What is required:
Repeat nothing but the lines below running from the one containing "Perceeloppervlakte Remmersteinpad 39 Almere" to the one containing "Handmade Danish Stork Mobile made of Paper". Keep both end lines.

Start of Data listing

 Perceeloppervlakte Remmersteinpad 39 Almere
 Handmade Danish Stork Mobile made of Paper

End of Data listing
Start of Data listing

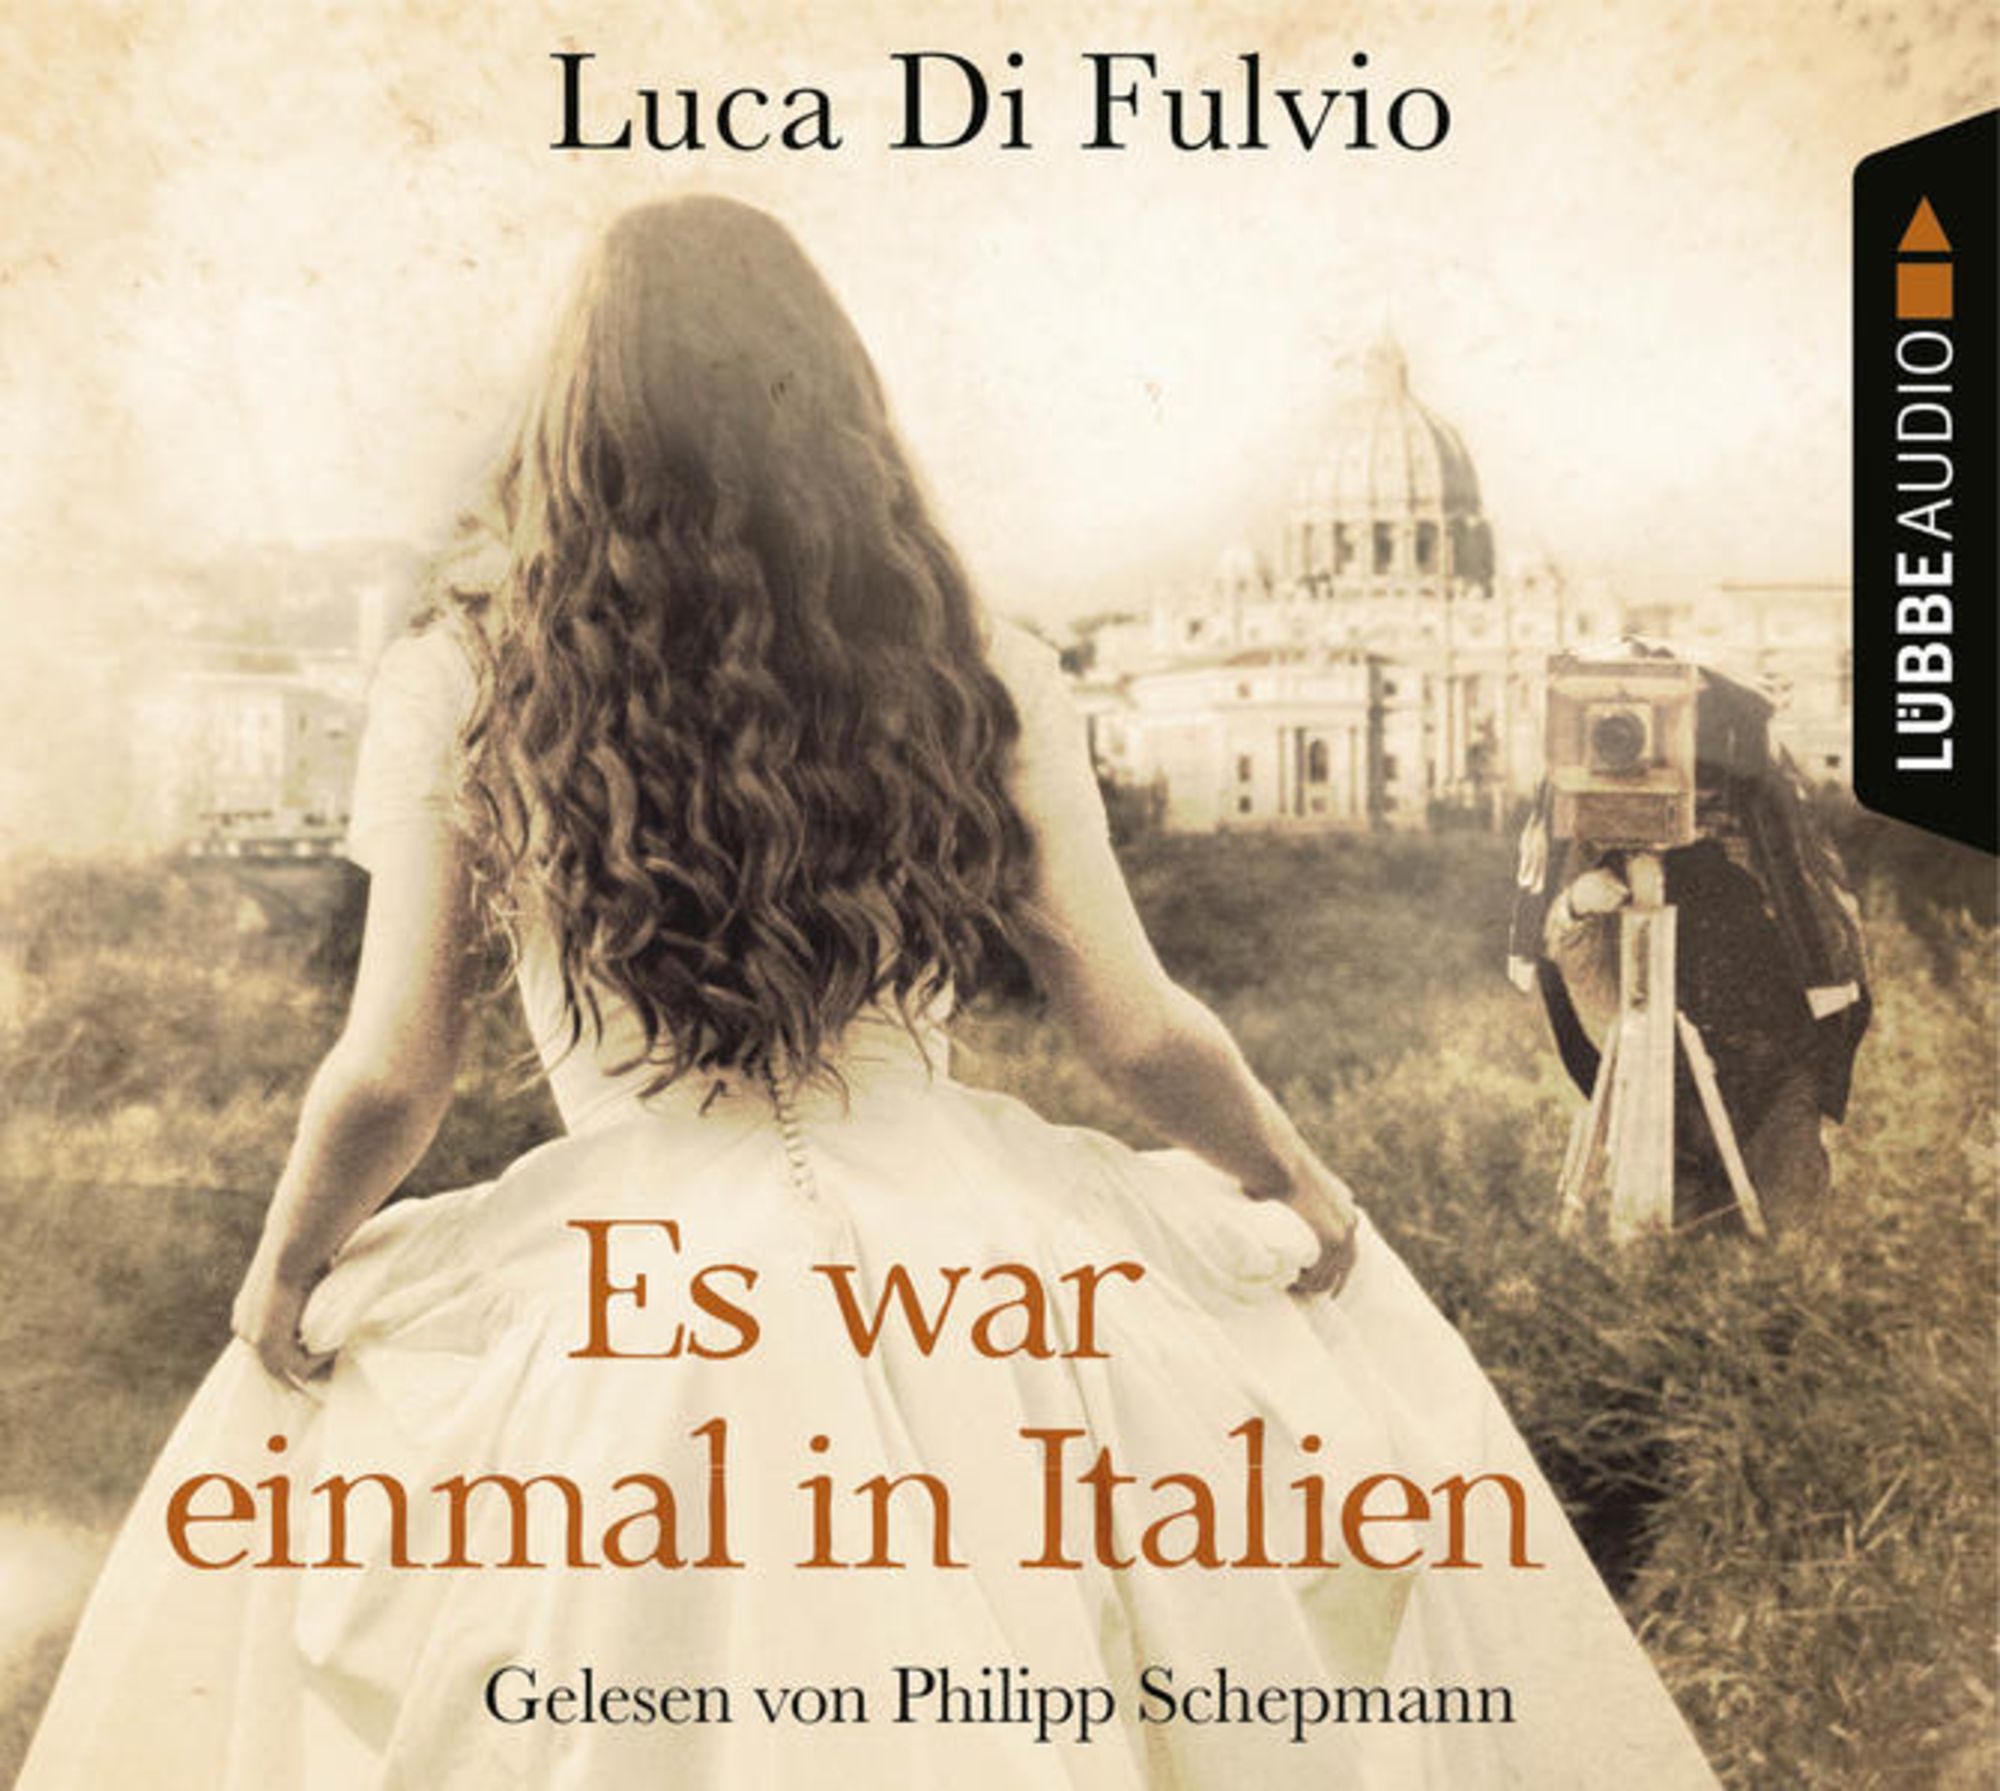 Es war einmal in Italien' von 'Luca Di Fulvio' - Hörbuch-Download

End of Data listing
Start of Data listing

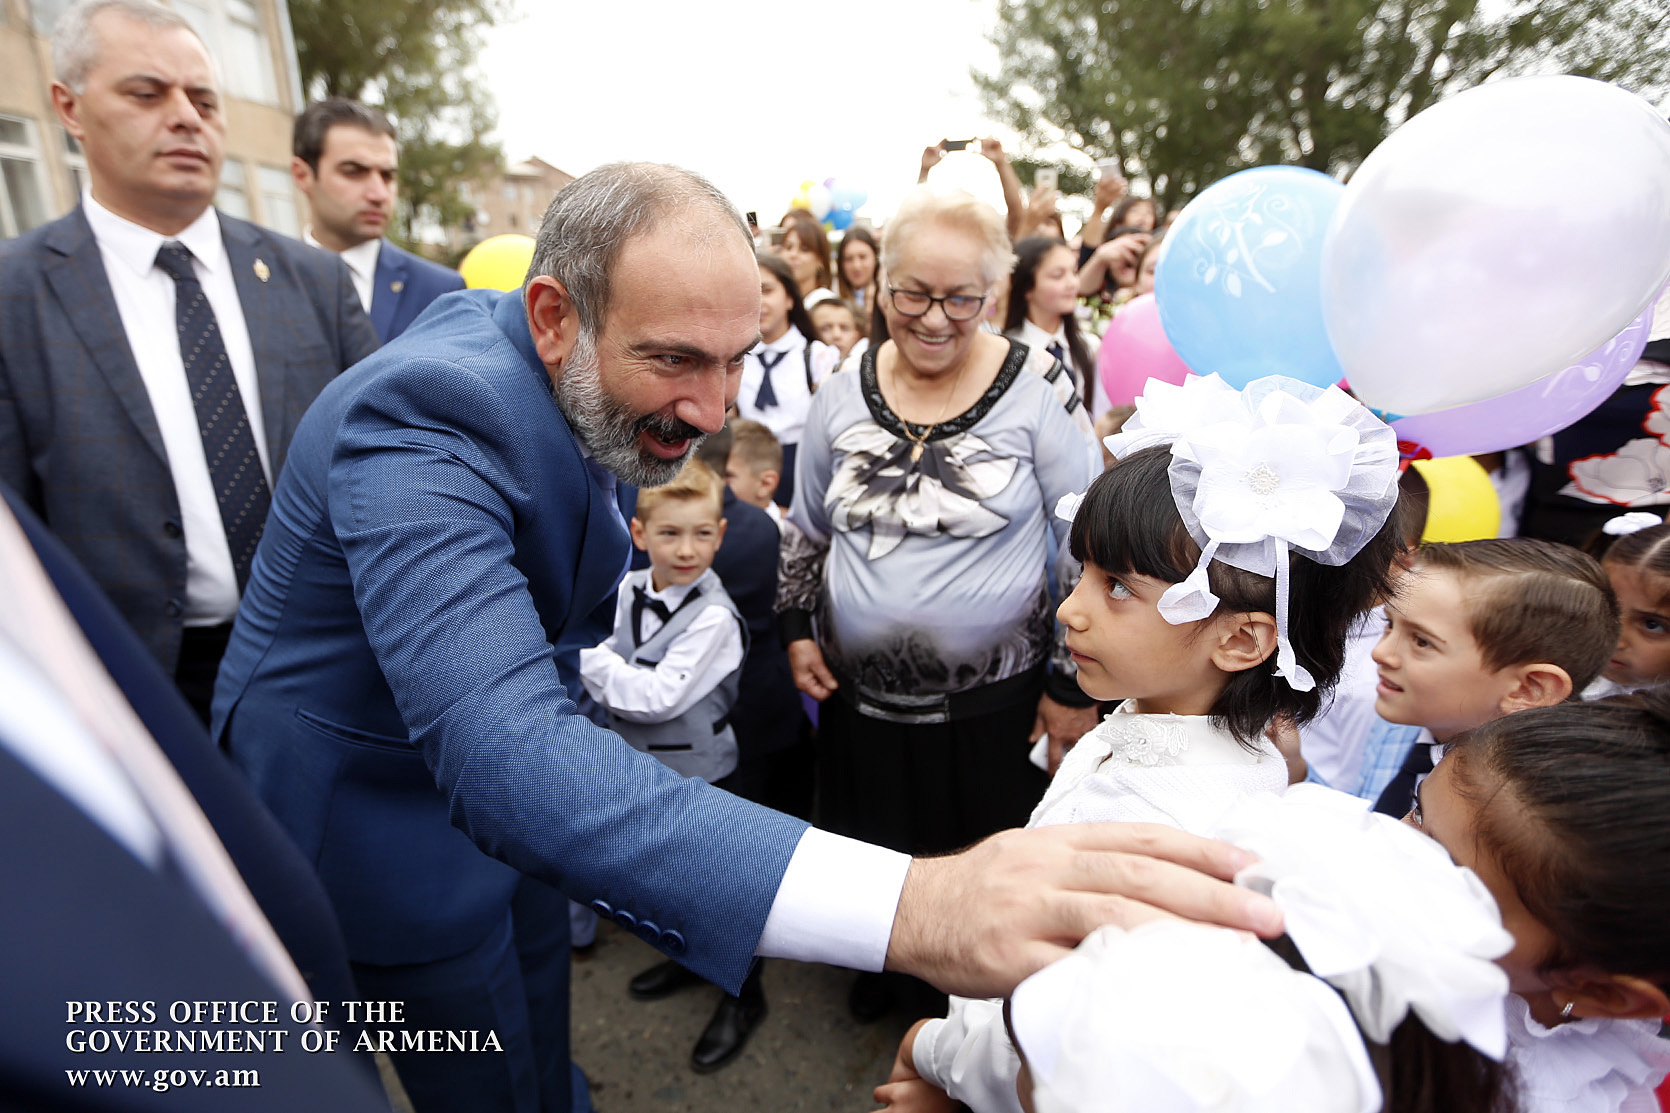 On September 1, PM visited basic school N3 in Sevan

End of Data listing

Expected answer:
 Perceeloppervlakte Remmersteinpad 39 Almere
 Handmade Danish Stork Mobile made of Paper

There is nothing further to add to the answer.